**Prompt**. Where a picture appears, leave it out, and transcribe all the lines below exactly.

==== Information shown ====

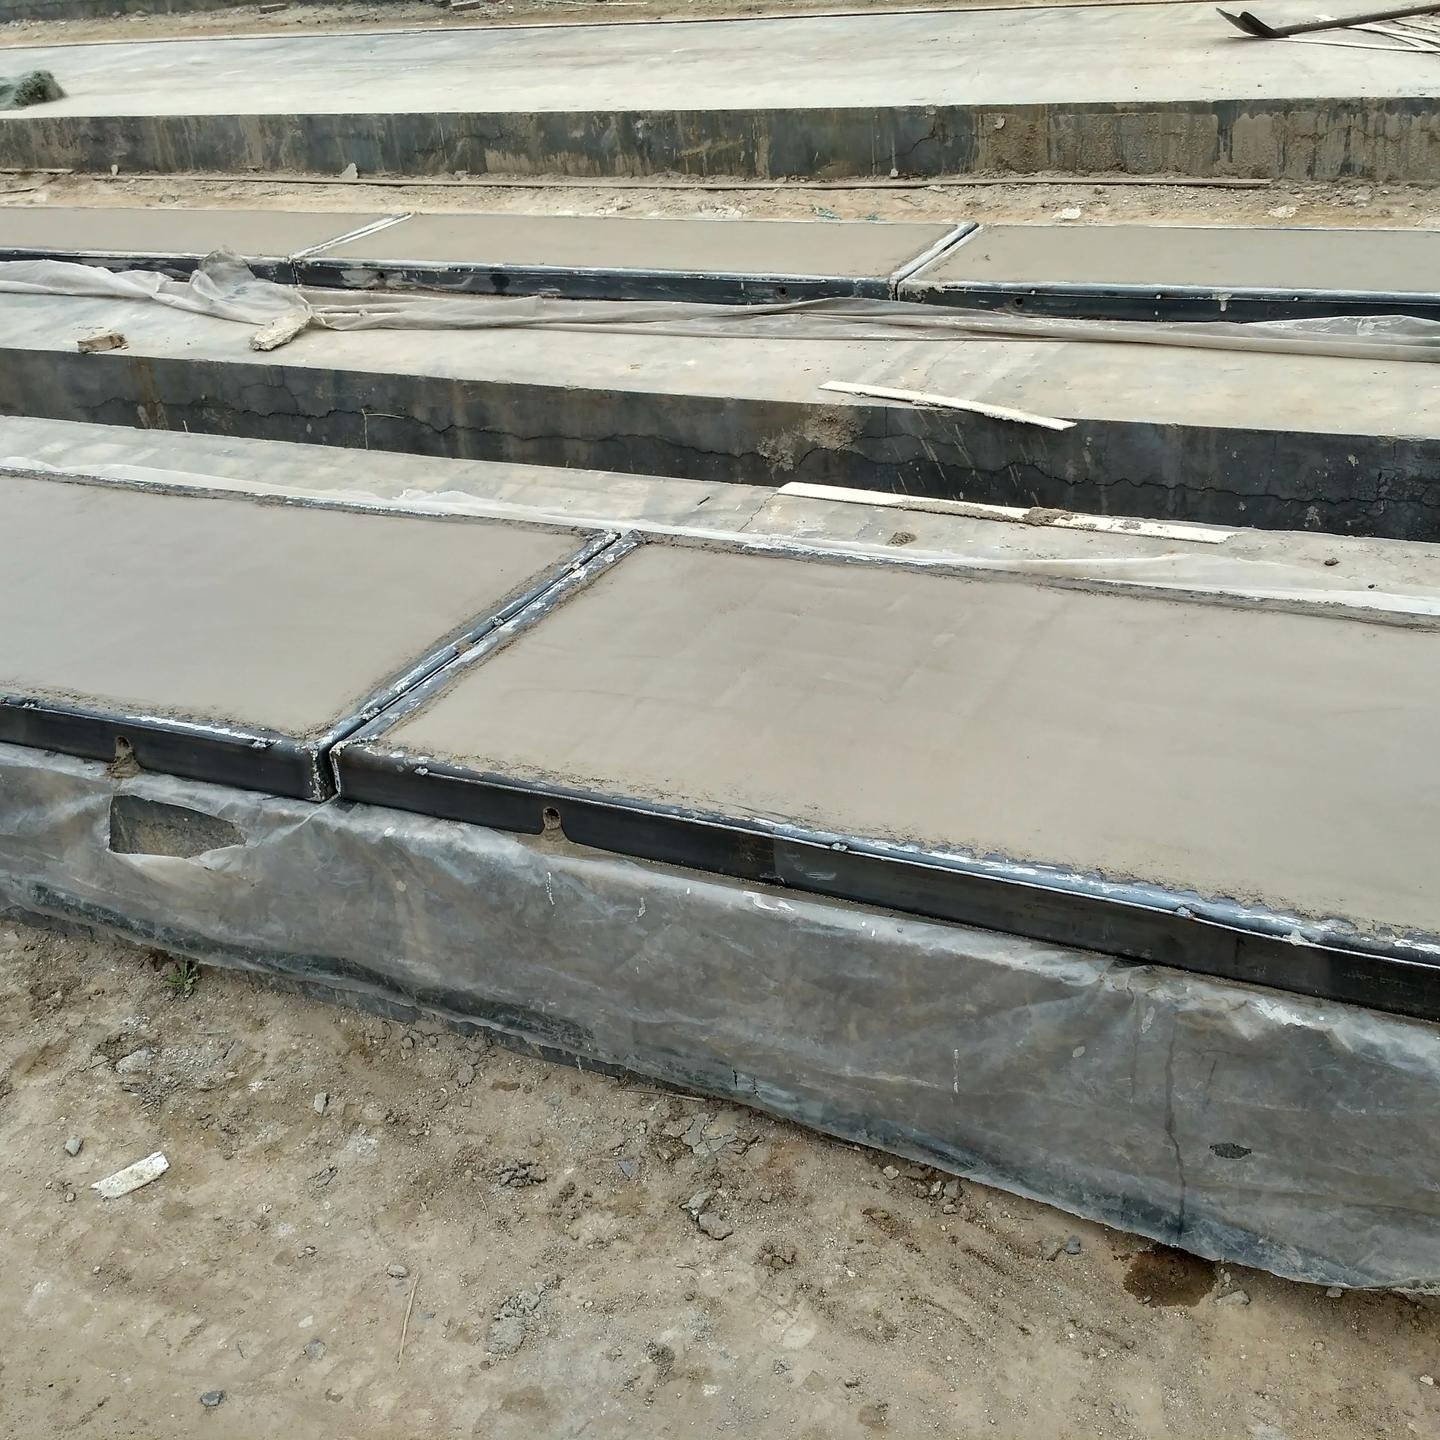 供应河北石家庄loft夹层楼板 钢构轻型复合板 钢框轻型屋面板预订从速图片
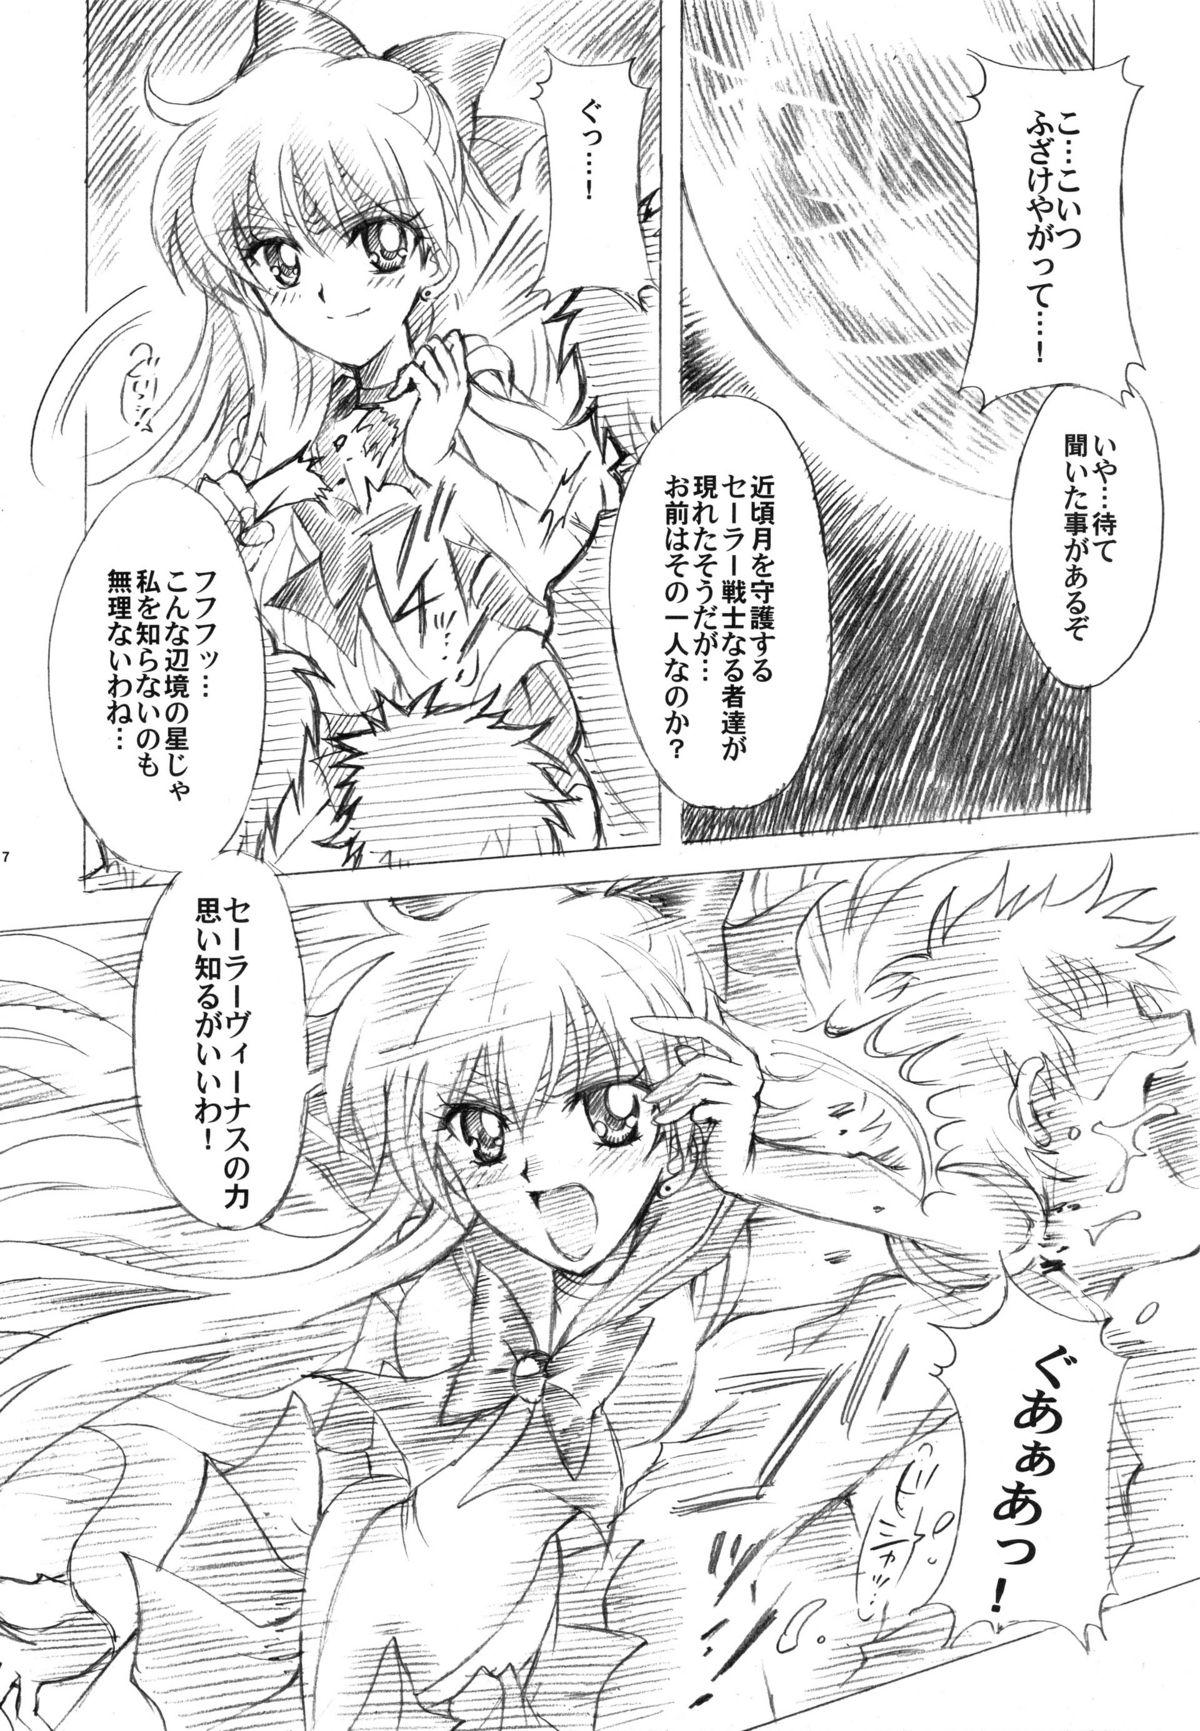 Blowjobs Gisei to Inori wo... - Sailor moon Bbw - Page 7
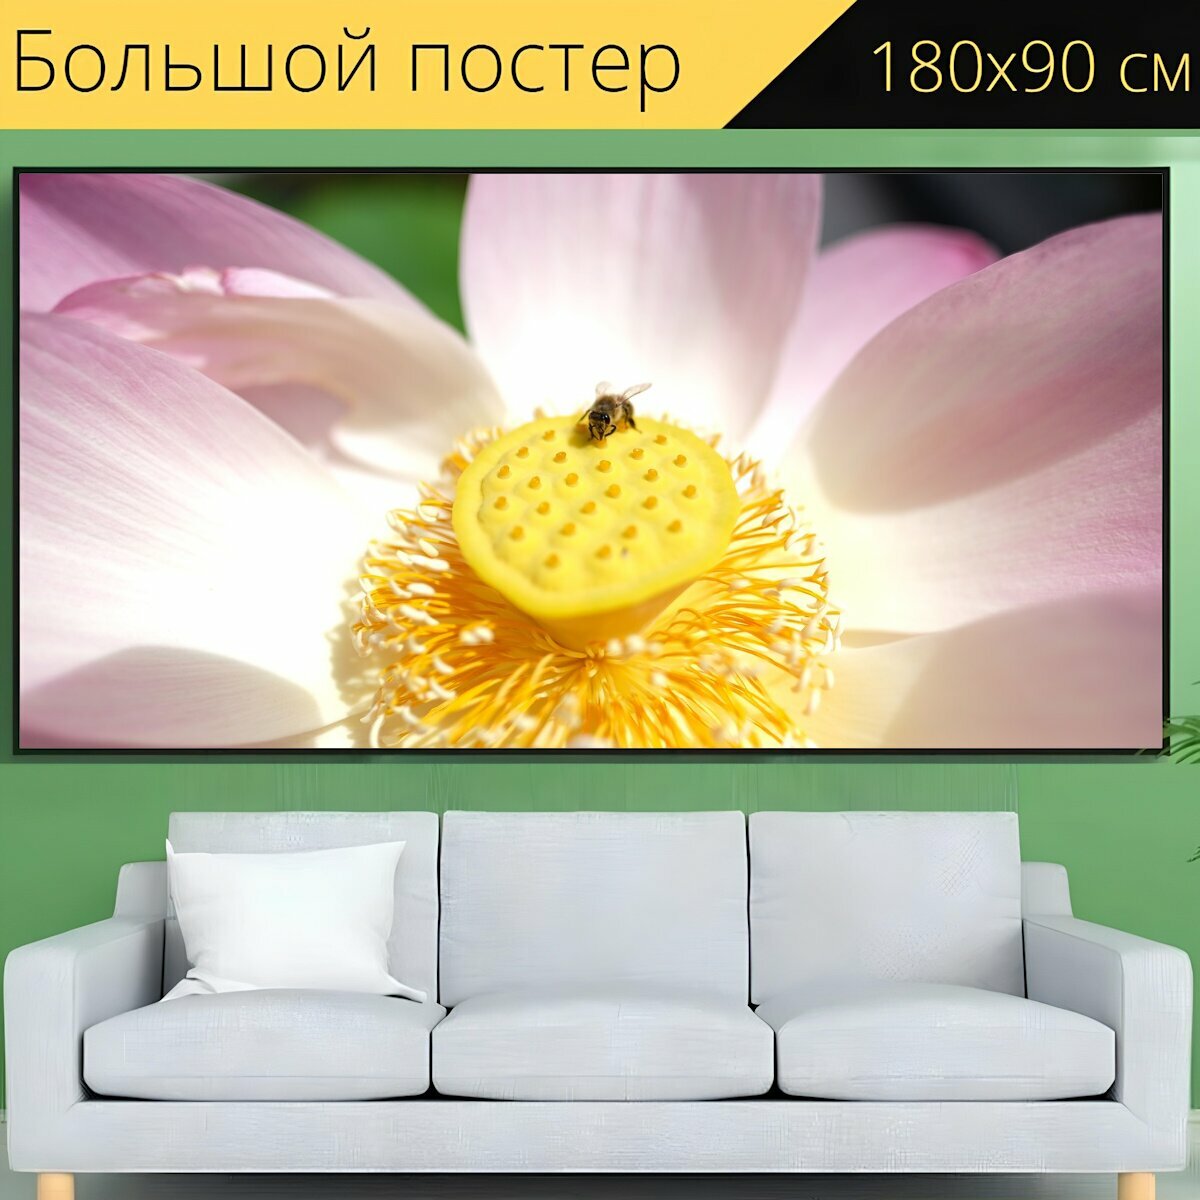 Большой постер "Лотос, цветок, пчела" 180 x 90 см. для интерьера
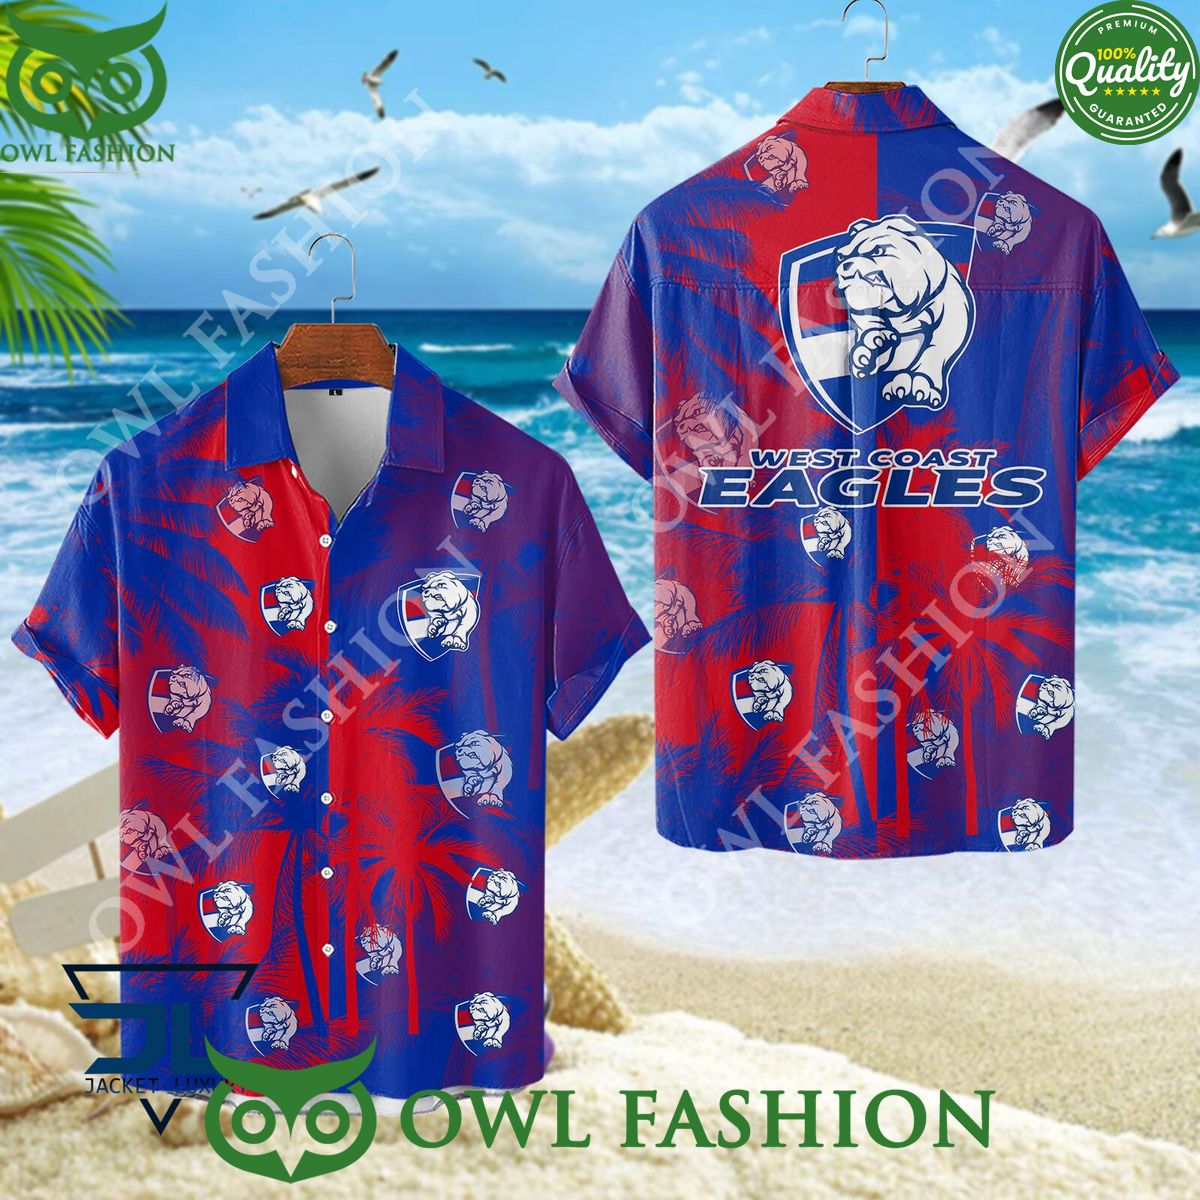 Western Bulldogs AFL Australian Hawaiian shirt and short

====

**Answer for the task**.
 供应河北石家庄loft夹层楼板 钢构轻型复合板 钢框轻型屋面板预订从速图片
 Blowjobs Gisei to Inori wo... - Sailor moon Bbw - Page 7
 Большой постер "Лотос, цветок, пчела" 180 x 90 см. для интерьера
 Western Bulldogs AFL Australian Hawaiian shirt and short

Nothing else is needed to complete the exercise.